[EXTRACTED RECORDS]

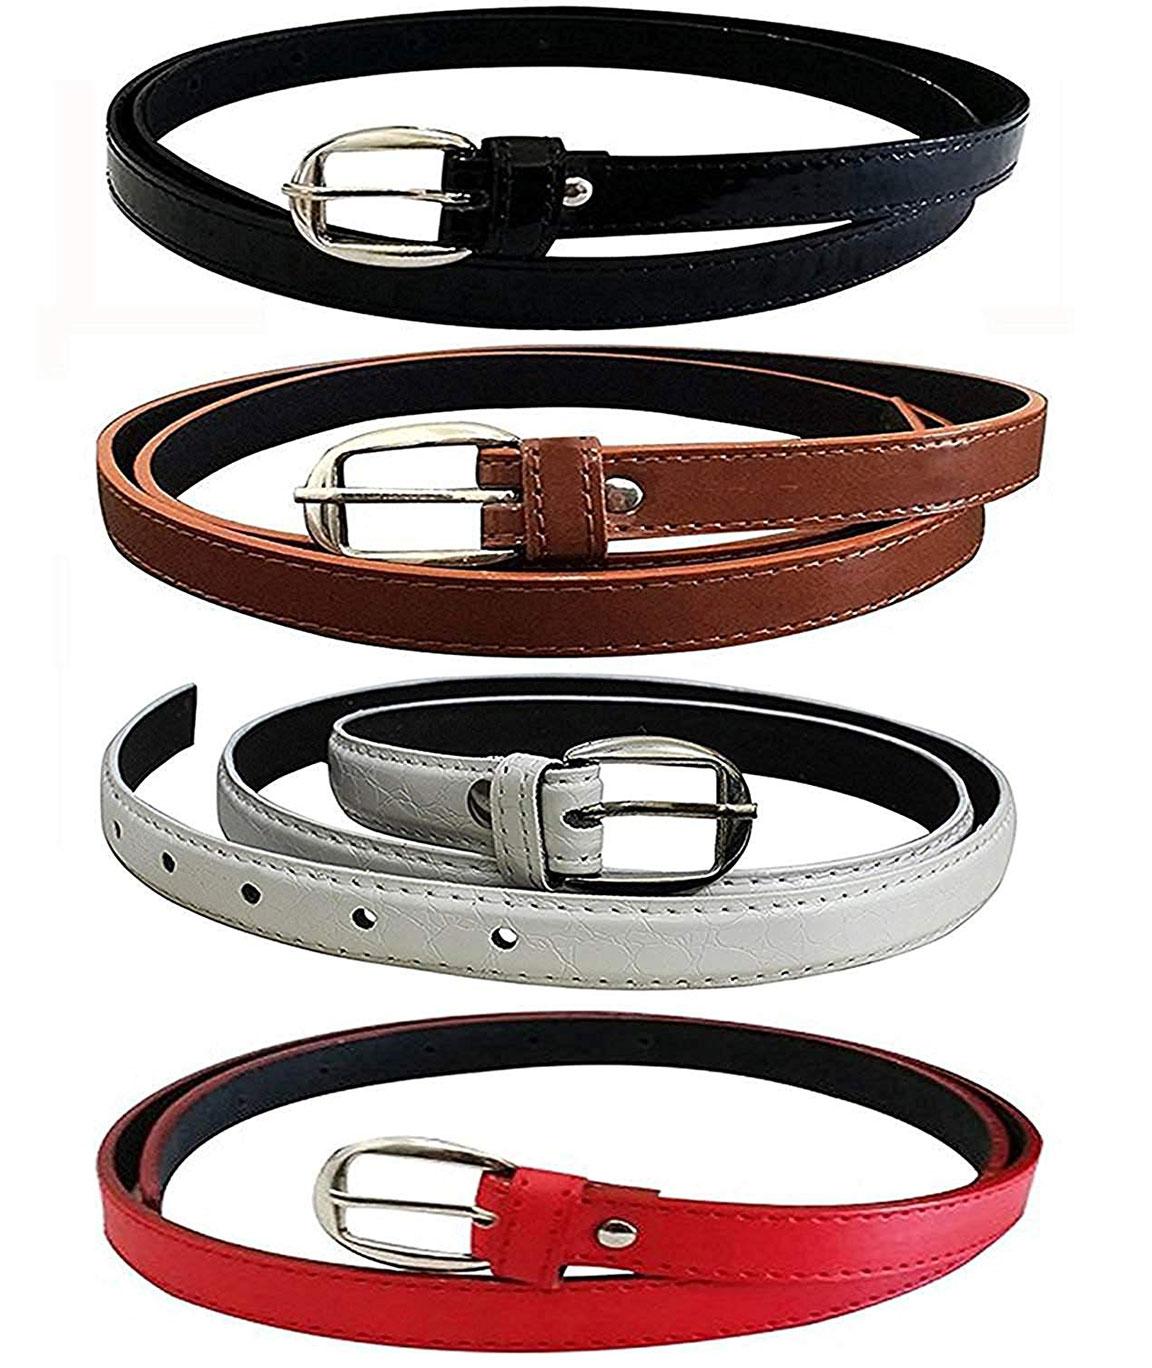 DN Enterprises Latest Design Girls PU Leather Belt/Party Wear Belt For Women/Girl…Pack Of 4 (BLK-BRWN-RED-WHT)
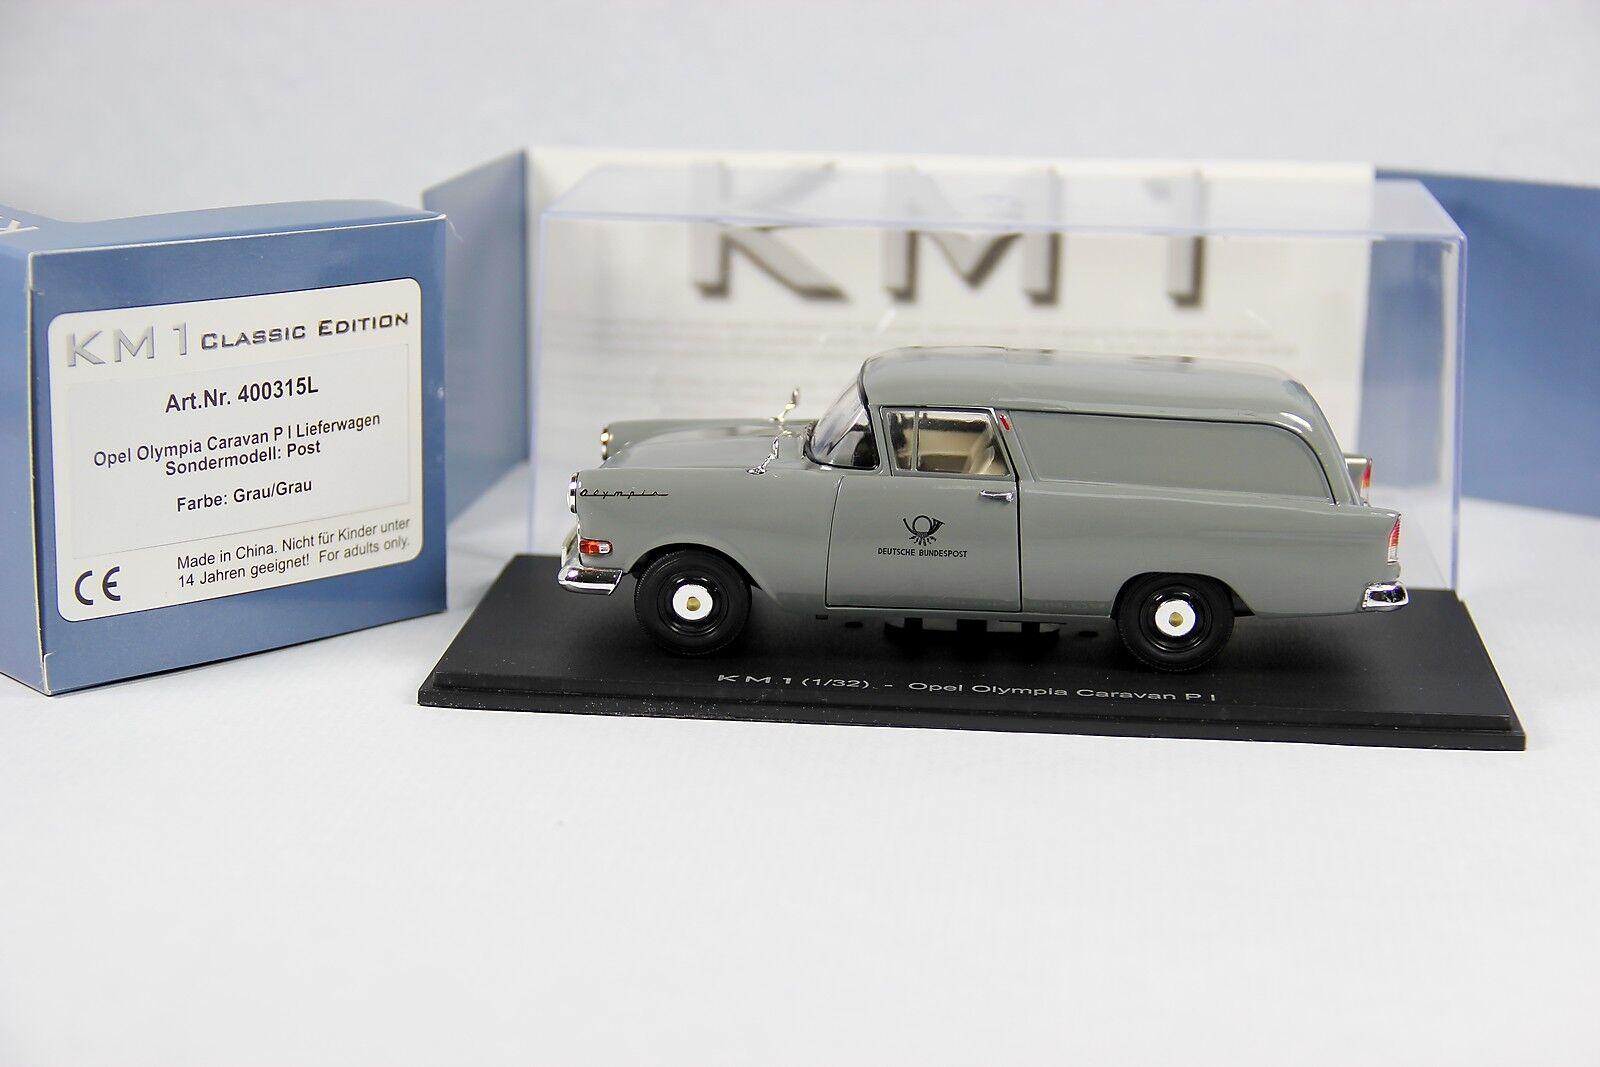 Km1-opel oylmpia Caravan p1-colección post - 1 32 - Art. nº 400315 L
==
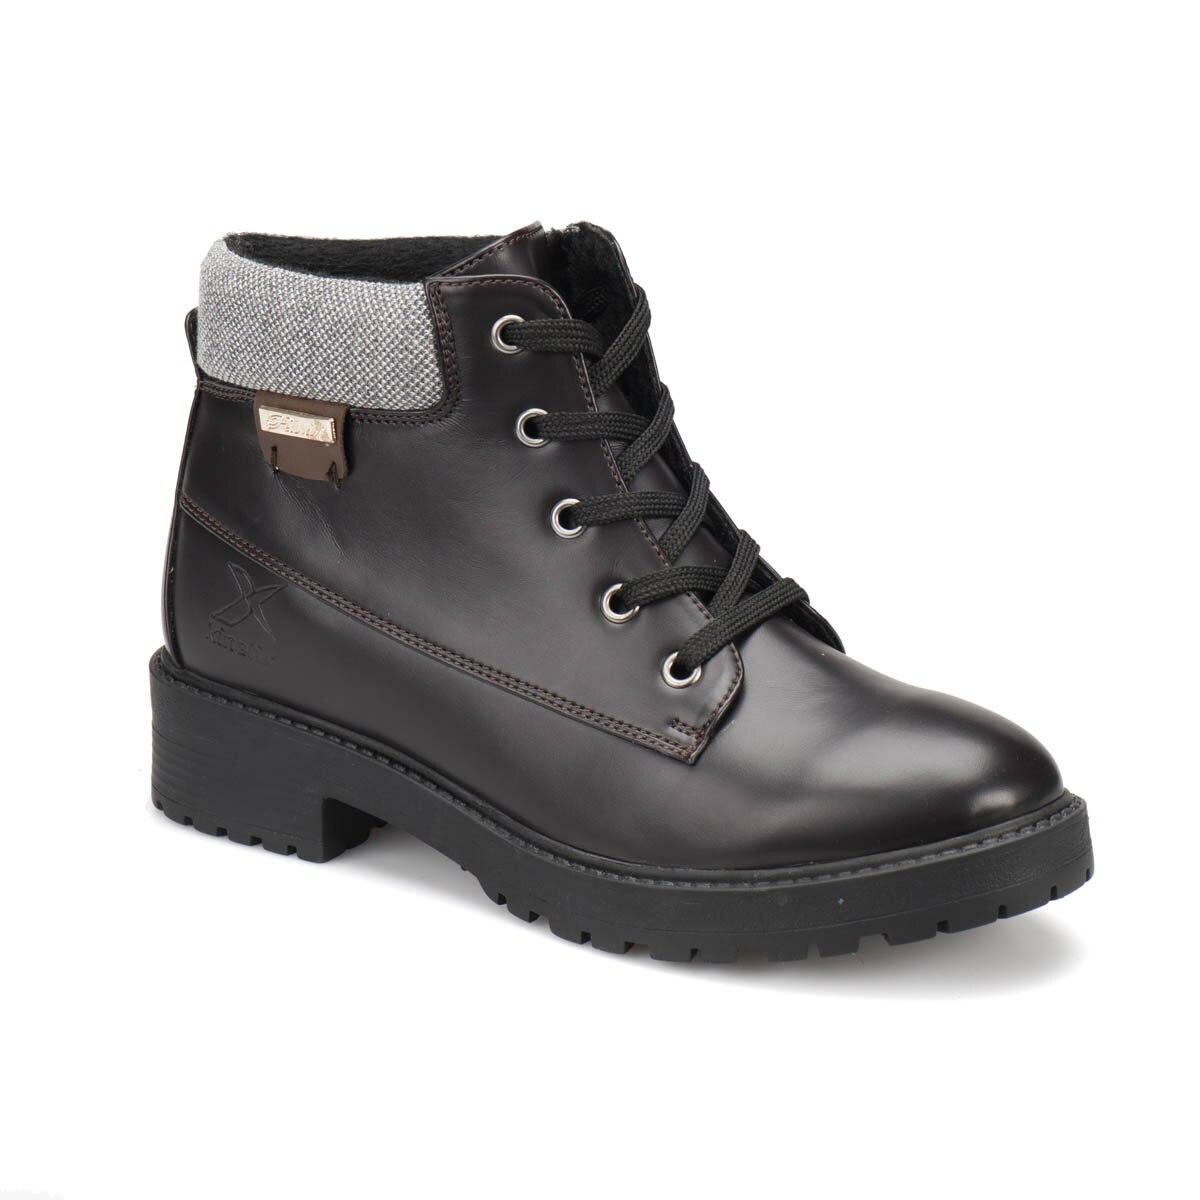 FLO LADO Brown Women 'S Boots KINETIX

[PROBLEM] Give again the stretch of lines above from the one with "DN Enterprises Latest" through the one with "Km1-opel oylmpia Caravan", both ends kept, and copy no pictures.

[TASK OUTPUT]
 DN Enterprises Latest Design Girls PU Leather Belt/Party Wear Belt For Women/Girl…Pack Of 4 (BLK-BRWN-RED-WHT)
 Km1-opel oylmpia Caravan p1-colección post - 1 32 - Art. nº 400315 L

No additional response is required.